First thing first, what is TensorFrames?
TensorFrames is an open source created by Apache Spark contributers. It’s functions and parameters are neamed the same as in the TensorFlow framework. Under the hood it is an Apache Spark DSL (domain-specific language) wrapper for Apache Spark DataFrames. It allow us to manipulate the DataFrames with TensorFlow functionality. And no, it is not pandas DataFrame, it is based on Apache Spark DataFrame.
..but wait, what is TensorFlow (TF)?
TensorFlow is an open-source software library for dataflow and differentiable programming across a range of tasks. It is a symbolic math library and is also used for machine learning applications such as neural networks.
..and Apache Spark?
Apache Spark is an open-source distributed general-purpose cluster-computing framework.
A word about scale
Today when we mention scale, we usually talk about two options; scale horizontally, and scaling vertically.
** Horizontal scale** – add additional machines with more or less the same computing power
Vertical scale – adding more resources to machine/s we are currently working with. It can be a processor upgraded from a CPU to GPU, more memory (RAM), and etc.

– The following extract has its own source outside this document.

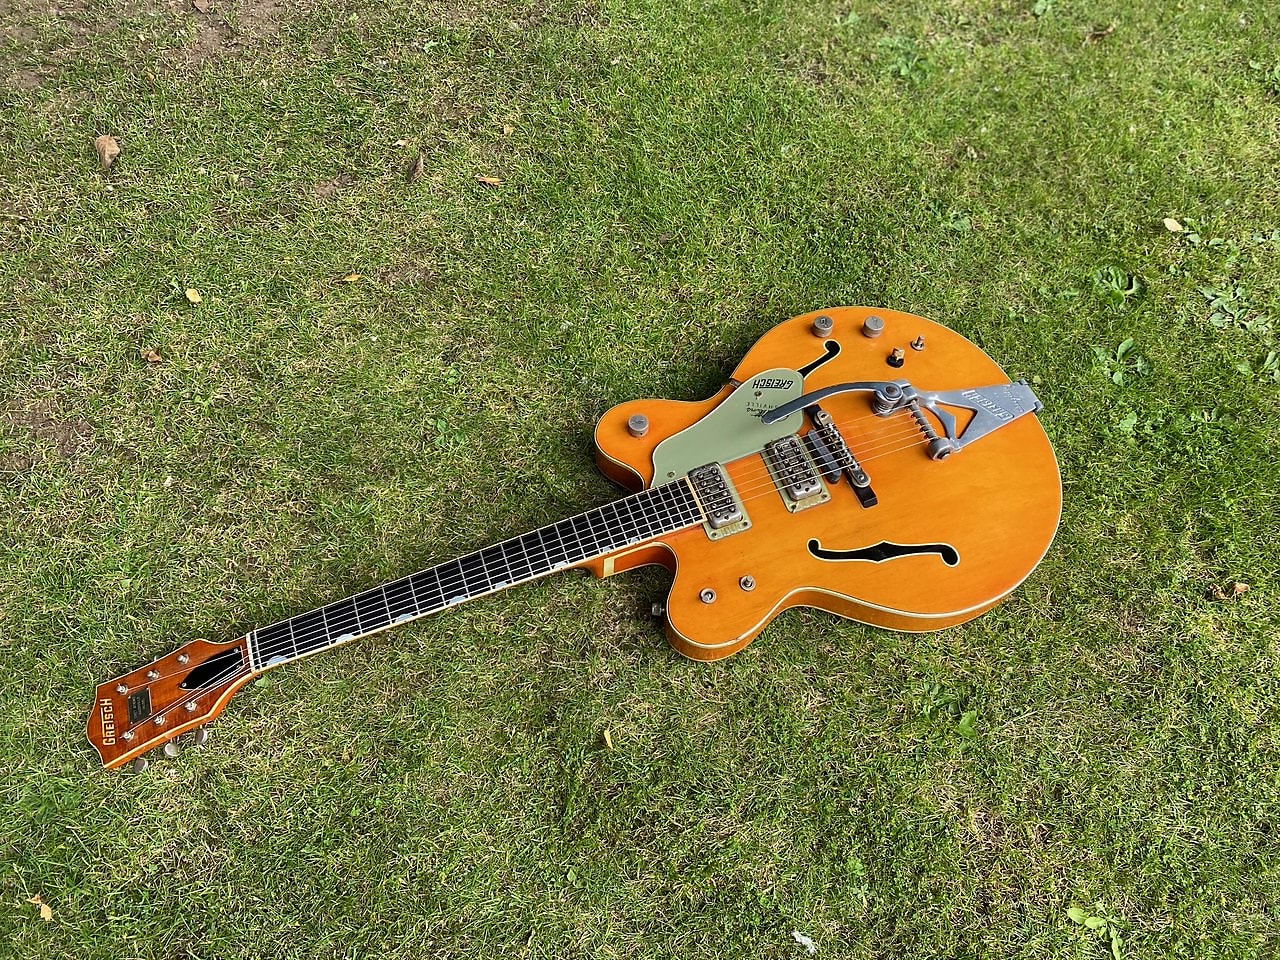 Gretsch 6120 Nashville 1965 Orange Stain Guitar For Sale Denmark Street

With TensorFrames, we can do both, more processor computing power, and more machines. Where with only TensorFlow we would usually focus on adding more power through scaling vertically, now with Apache Spark support, we can scale both vertically and horizontally. But, how do we know how much of each we actually need? To answer this question, we need to understand the full usage of our applications and plan accordingly.
For each change, like adding a machine or upgrading from CPU to GPU, we have downtime. In the cloud, resizing a cluster or adding more compute power, is a matter of minutes, versus on-prem where we need to deal with adding new machines and upgrading machines processors, this can take days, and sometimes months.
So, A more flexible solution is the public cloud.
In the picture below, scale horizontally is the X-axis where scale vertically is the Y-axis.
**Slide from Tim Hunter presentation at Apache Spark conf
Before jumping to the functions, let’s understand some important TensorFlow vocabulary:
A statically typed multi-dimensional array whose elements are of a generic type.
Graph or Computional Graph is the core concept of TensorFlow to present computation. When we use TensorFlow, we first create our own Computation Graph and pass the Graph to TensorFlow. GraphDf is the serialized version of Graph.
A Graph node that performs computation on Tensors. An Operation is a node in a Graph that takes zero or more Tensors (produced by other Operations in the Graph) as input and produces zero or more Tensors as output.
tf.identity is used when we want to explicitly transport tensor between devices (like, from GPU to a CPU). The operation adds nodes to the graph, which makes a copy when the devices of the input and the output are different.
A constant has the following arguments which can be tweaked as required to get the desired function. It the same as a variable, but its value can’t be changed. Constant can be:
value: A constant value (or list) of output type dtype.
dtype: The type of the elements of the resulting tensor.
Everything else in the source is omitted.